Event Participant List: means a list produced by Owen James, in hard copy or in electronic format, of all Event Participants attending an Event and which may contain the following: a) name; (b) company; (c) job title; (d) email address; and (e) phone number and which may be included in the Event App and distributed to any and all Event Participants;

Event Venue: means the physical location where an Event is held, including hotels and conference centres, as well any company which owns, manages or controls the venue and the representatives thereof;

Force Majeure Event means circumstances beyond a party’s reasonable control including act of god, actions of third parties (including hackers, suppliers, governments or supra-national authorities), insurrection, riot, civil commotion, war, hostilities, warlike operations, national emergencies, terrorism, piracy, arrests, restraints or detainments of any competent authority, strikes or combinations or lock-out of workmen, epidemic, fire, explosion, storm, flood, drought, earthquake, natural disaster, accident, mechanical breakdown, third party software, failure or problems with public utility supplies (including electrical, telecoms or general Internet failure), shortage of or inability to obtain data;

GDPR means: (i) the General Data Protection Regulation (Regulation (EU) 2016/679) (“EU GDPR”) as it forms part of UK law by virtue of the European Union (Withdrawal) Act 2018, as modified by the Data Protection, Privacy and Electronic Communications (Amendments etc) (EU Exit) Regulations 2019 (SI 2019/419);

Good Industry Practice means the exercise of that degree of skill, diligence, prudence and foresight which would reasonably and ordinarily be expected from a skilled, professional and experienced person engaged in the same type of undertaking under such circumstances, complying with all Applicable Laws and taking due account of any applicable guidance, codes of practice or other advice from any relevant authority;

Intellectual Property Rights means all intellectual and industrial property rights of any nature anywhere in the world, including copyright, database rights, patents, know-how, design rights, registered designs, trade mark rights, service mark rights, domain name rights and topography rights; whether or not registered or capable of protection by registration and the right to apply for any of them, for the full term of such rights and all renewals and extensions, together with all accrued rights of action;

Invitation: means an offer by Owen James to an individual to attend an Event, including pursuant to that individual's Registration Request;

Moderator: means an individual who presides over an Event, or part thereof, including leading discussions in a group or roundtable;

Privacy Policy: means Owen James’s Privacy Policy which may be amended or updated from time to time and which can be found at https://www.owenjamesevents.com/page/privacy-policy

Profiling Data: means the following data which may be provided by Event Participants, including Delegate, to Owen James for inclusion in the Event App: (a) name; (b) job title; (c) company; (d) bio; (e) e-mail address; and (f) telephone number;

Registration Request: means an individual’s request to Owen James to be considered for an Invitation to an Event in order that individual can attend that Event as a Delegate;

Representatives in respect of a party means any of that party’s respective officers, directors, employees, consultants, sub-contractors, agents and professional advisers and “Representative” means any of them;

Services: means any and all deliverables and services supplied by Owen James to Delegate pursuant to this Agreement, including organising Events and providing Event Materials;

Speaker: means a third party expert on a specific subject who will host an Event or a selected part of an Event for and on behalf of Owen James, and which includes keynote speakers;

Sponsor: means a person or company that pays for or contributes to the costs of hosting an Event in return for marketing opportunities to Delegates;

The Pulse: means Owen James’s online data portal, which includes anonymised and aggregated data; and

VAT means value added tax or any other similar or equivalent tax chargeable on the sale of services, in the UK.

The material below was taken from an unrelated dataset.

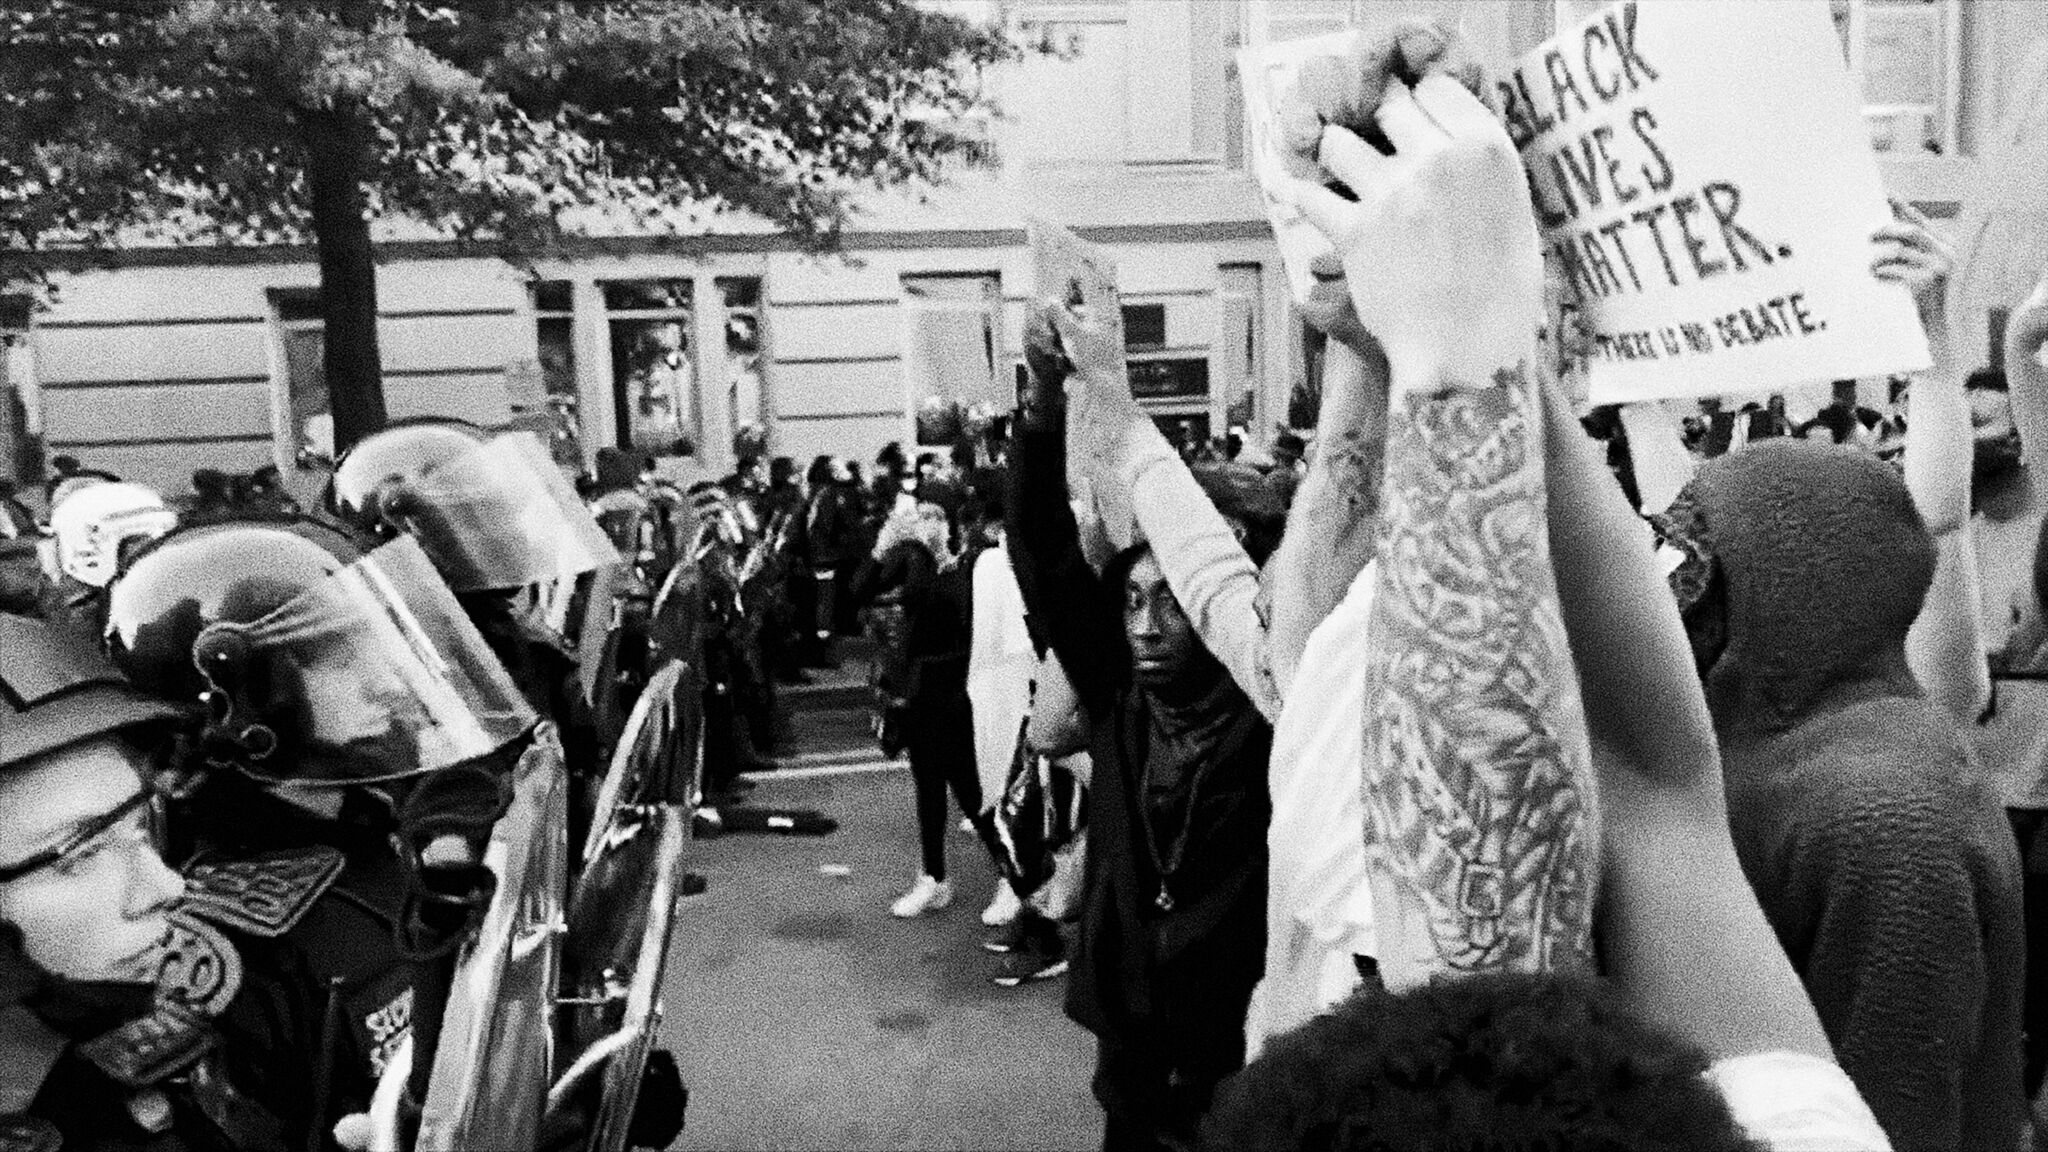 Black-and-white image of protesters holding up signs (one of which reads "Black Lives Matter. There is no debate.") facing off against a line of police officers wearing riot gear.

1.2 References to statutes or statutory provisions shall be construed to include references to those statutes or statutory provisions as amended or re-enacted from time to time and shall include any orders, regulations, instruments or other subordinate legislation under them.

1.3 The headings in the Agreement are for ease of reference only and shall not in any way affect its construction or interpretation.

1.4 A reference to a recital, clause or Schedule is a reference to a recital or clause of or Schedule to the Agreement and a reference to a sub-clause is a reference to a sub-clause of the clause in which the reference appears.

1.5 A reference to a “party” or “parties” shall be to a party or parties to this Agreement and includes that party’s personal representatives, successors and permitted assigns, as the context requires.

1.6 A reference to a “person” includes a natural person, corporate or unincorporated body (in each case whether or not having separate legal personality) and any other legal or commercial entity or undertaking and its personal representatives, successors and permitted assigns.

1.7 A reference to a “company” includes any company, corporation or other body corporate, wherever and however incorporated or established.

1.8 Words denoting the singular include the plural and vice versa, and words denoting any one gender include all genders and vice versa.

1.9 The words and phrases “other”, “including” and “in particular” shall not limit the generality of any preceding words or be construed as being limited to the same class as the preceding words where a wider construction is possible.

1.10 A reference to “writing” or “written” includes e-mail.

 

2. Basis of the Agreement

2.1 Participation at an Event is by Invitation only. An Invitation shall be deemed to be accepted on the date when Delegate confirms in writing or via the online booking system, acceptance of the Invitation received from Owen James (“Acceptance Date”)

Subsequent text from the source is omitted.